**TASK BRIEF**. Give again the lines from the line with "August 2, 2013" to the last line of the records, exactly and in full. Do not carry over any pictures.

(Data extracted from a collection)

━━━━━━

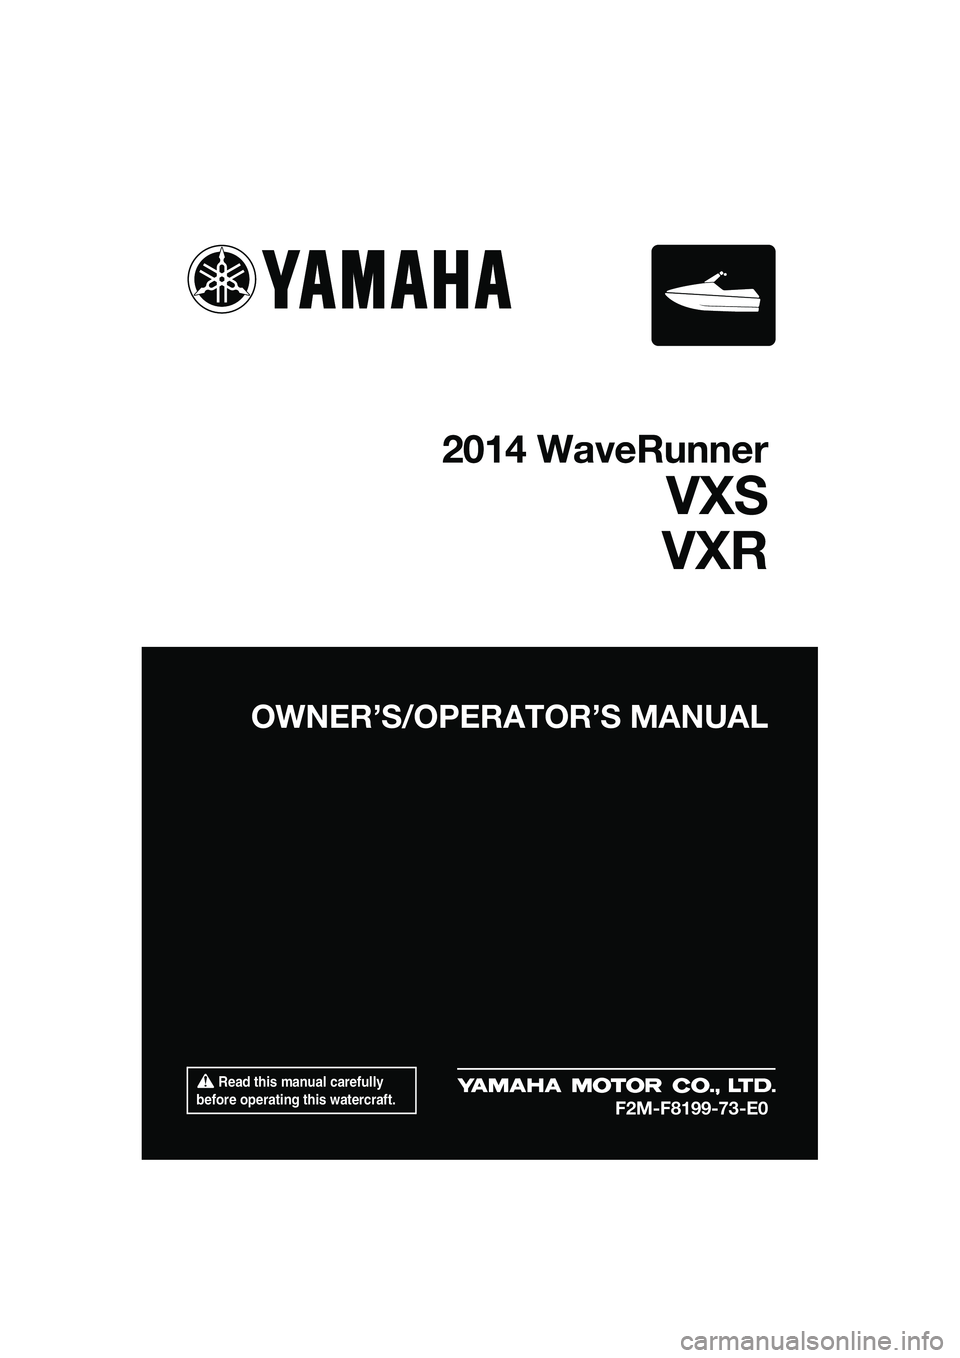 YAMAHA VXR 2014  Owners Manual  Read this manual carefully 
before operating this watercraft.
OWNER’S/OPERAT OR’S MANUAL
2014 WaveRunner
VXS
VXR
F2M-F8199-73-E0
UF2M73E0.book  Page 1  Friday, August 2, 2013  11:28 AM 
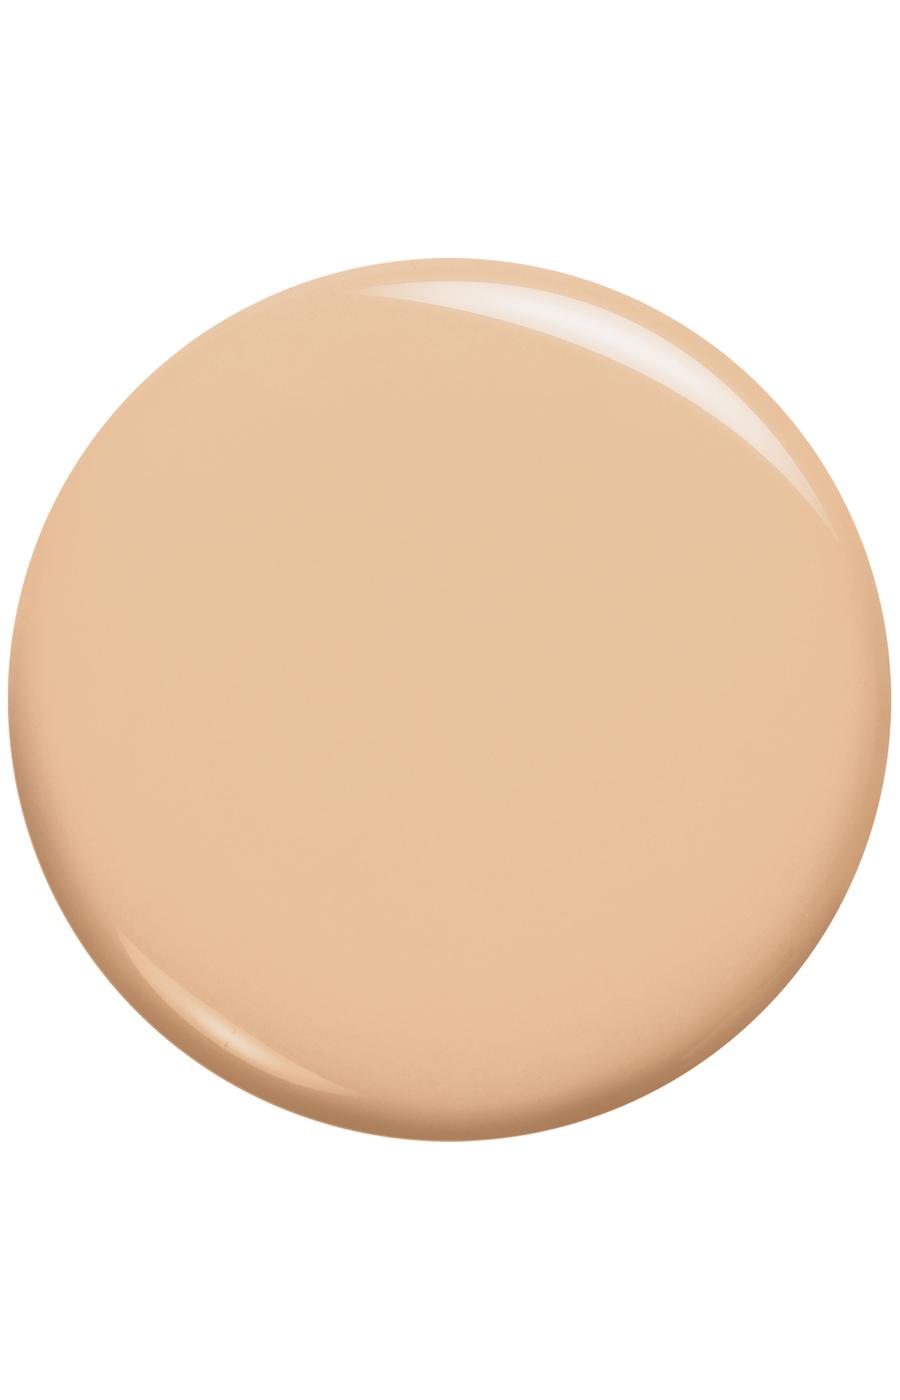 L'Oréal Paris Infallible Up to 24 Hour Fresh Wear Foundation - Lightweight Ivory Buff; image 4 of 7

━━━━━━

**SOLUTION**.
UF2M73E0.book  Page 1  Friday, August 2, 2013  11:28 AM 
 L'Oréal Paris Infallible Up to 24 Hour Fresh Wear Foundation - Lightweight Ivory Buff; image 4 of 7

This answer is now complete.